The light white - an eMTB jump story

Let´s bring some more usefull information to this thread.

A while ago I shorted 3 of my motors because the mounting screws where 1mm too.
Due to vibrations the screws rub off the isolation and than shorted the phase wires to each other via the motor case.
Here is the way how I fixed it and double checked that everything works without issues.

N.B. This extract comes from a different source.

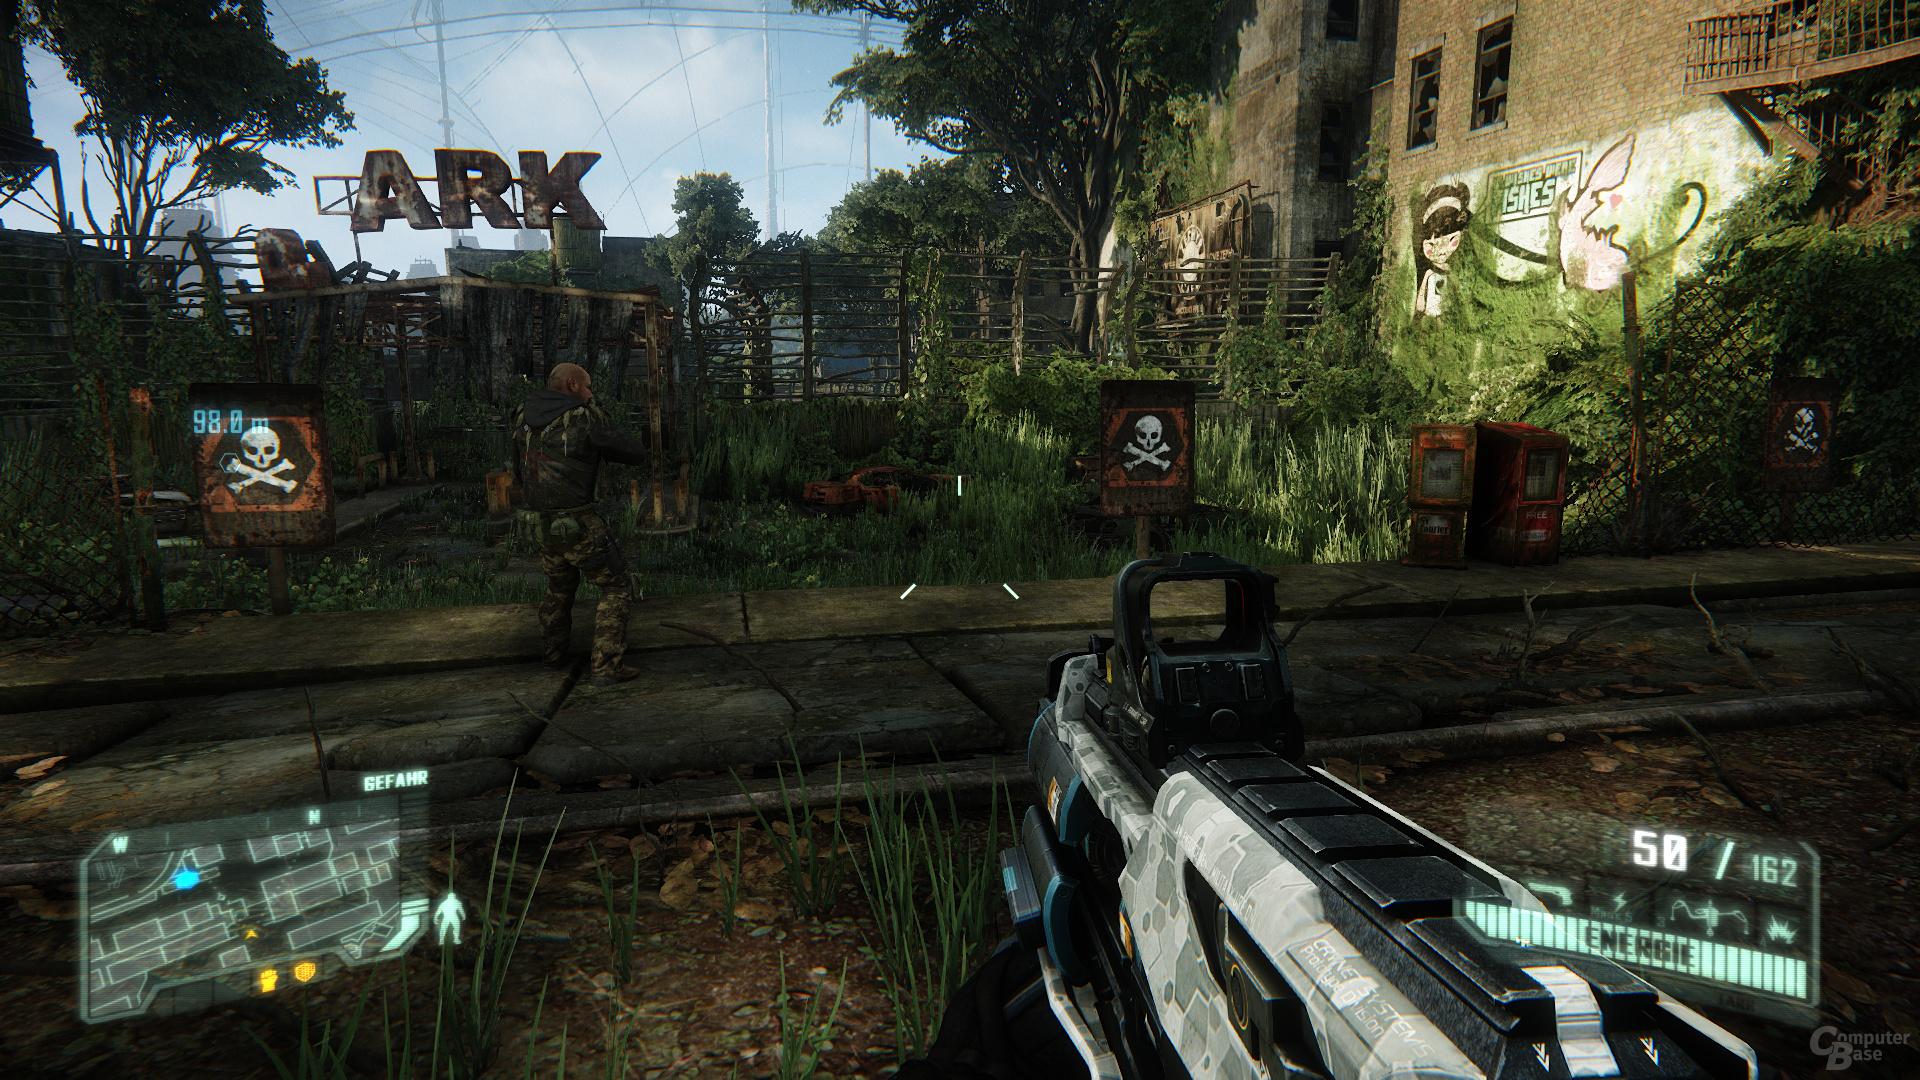 Crysis 3 - FXAA

I measured the resistance from the mounting hole to the phase wires like this
1

That gave me 0 ohms, so a full short.
I thought I can easy fix it by just adding a piece of heat shrink over the wires, but there is no way to get it there without to take off the top part of the stator. As this part is usually glued in it’s pretty much not possible without proper tools.
(Or as min not for me as noob :sweat_smile:)
I first tried to cover the damaged part of the wire with liquid tape, what worked out, but I wasn’t super happy with it.
I decided to make that thing bullet proof by epoxy the phase wires all over the place where they where damaged.
That looked now way much better, but the question was,
how to double check if really all damaged parts of the isolation now covered?
Sure you can just spin it up with your ESC but with it you risk to fry one more controller.
So how to do it without? :thinking:
Our outrunner produce a specific current and voltage when spinning (regenerativ breaks), so if all phase wires are ok, than the voltage produced while spinning should be the same for all three wires, right?
Right, and here is the most easy way to check that.

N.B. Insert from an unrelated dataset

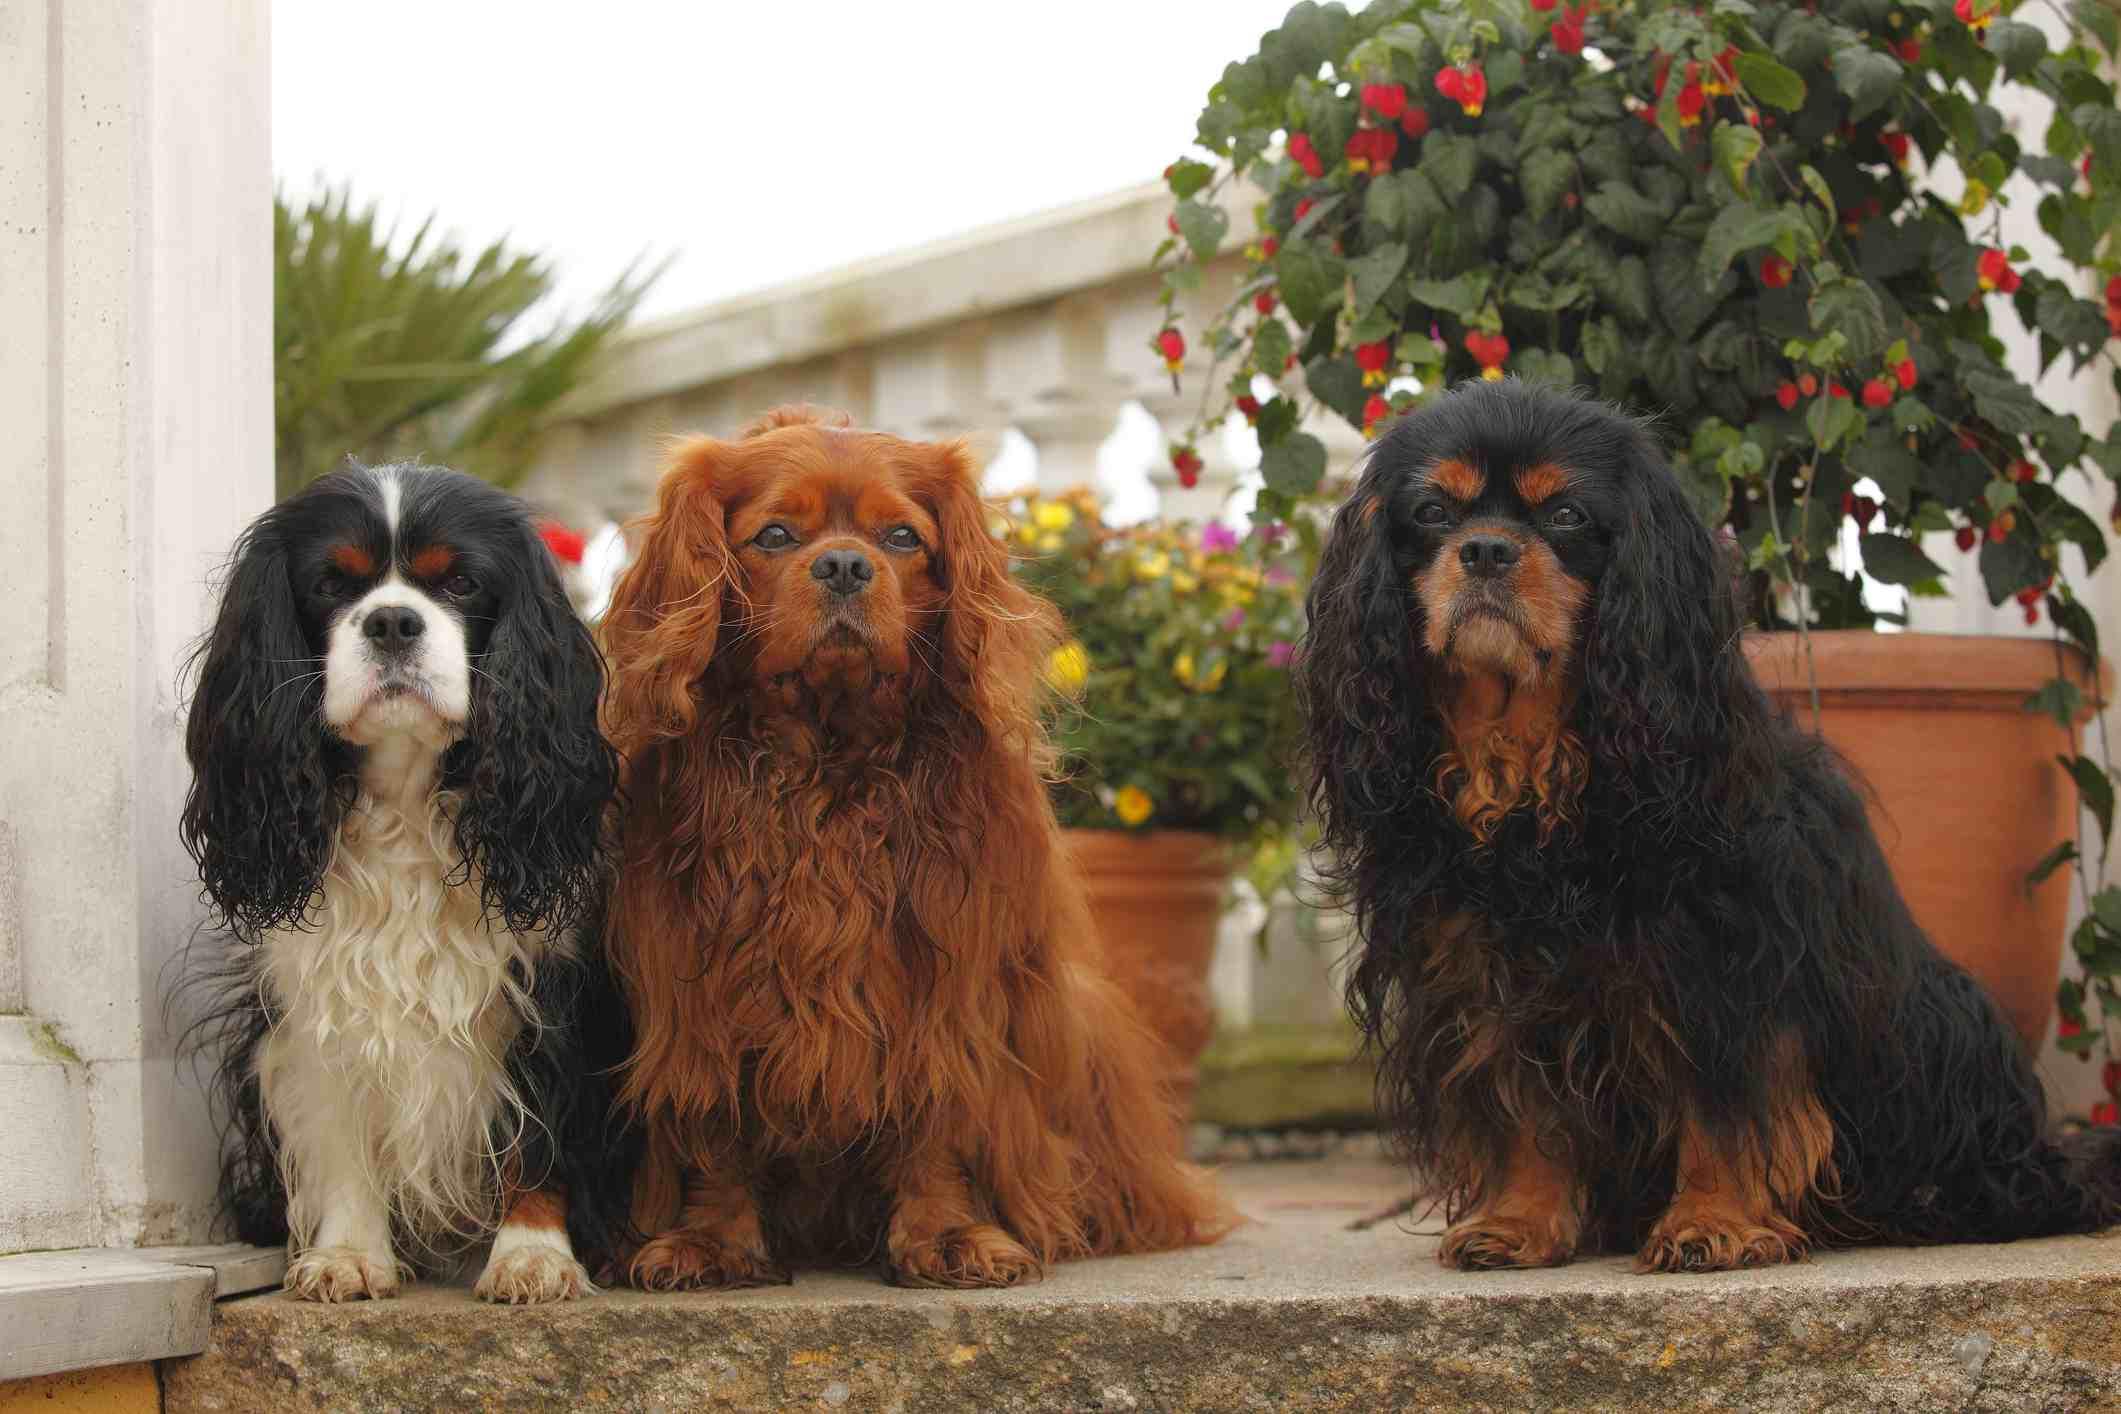 3 Cavalier King Charles Spaniels

You need your motor on the motor mount
You need a drill
And you need a multimeter set to AC voltage
2

Connect your multimeter first to phase A and B
Than connect the drill to your motor shaft
Spinn up the motor with the drill
Check the voltage on your multimeter and remember what was displayed
Than move on and connect the multimeter to phase A and C
Spinn up the motor again
The voltage reading should be the same now
If yes move on and connect your multimeter to
Phase B and C
Same test, same result.

If in all three cases the indicated voltage is the same, you good to go and can use your motor like before.

Dissclaimer: I know there are other methodes to check if the phase wires have a short, like the hand test as well as the easy way to check just the resistance of the phase wires. What I hope do detect with this variant is a “light” short, means it´s not a permanent short. Maybe there is still a small gap between the shorted points, or the short only show up in time of rotation, or due to vibration.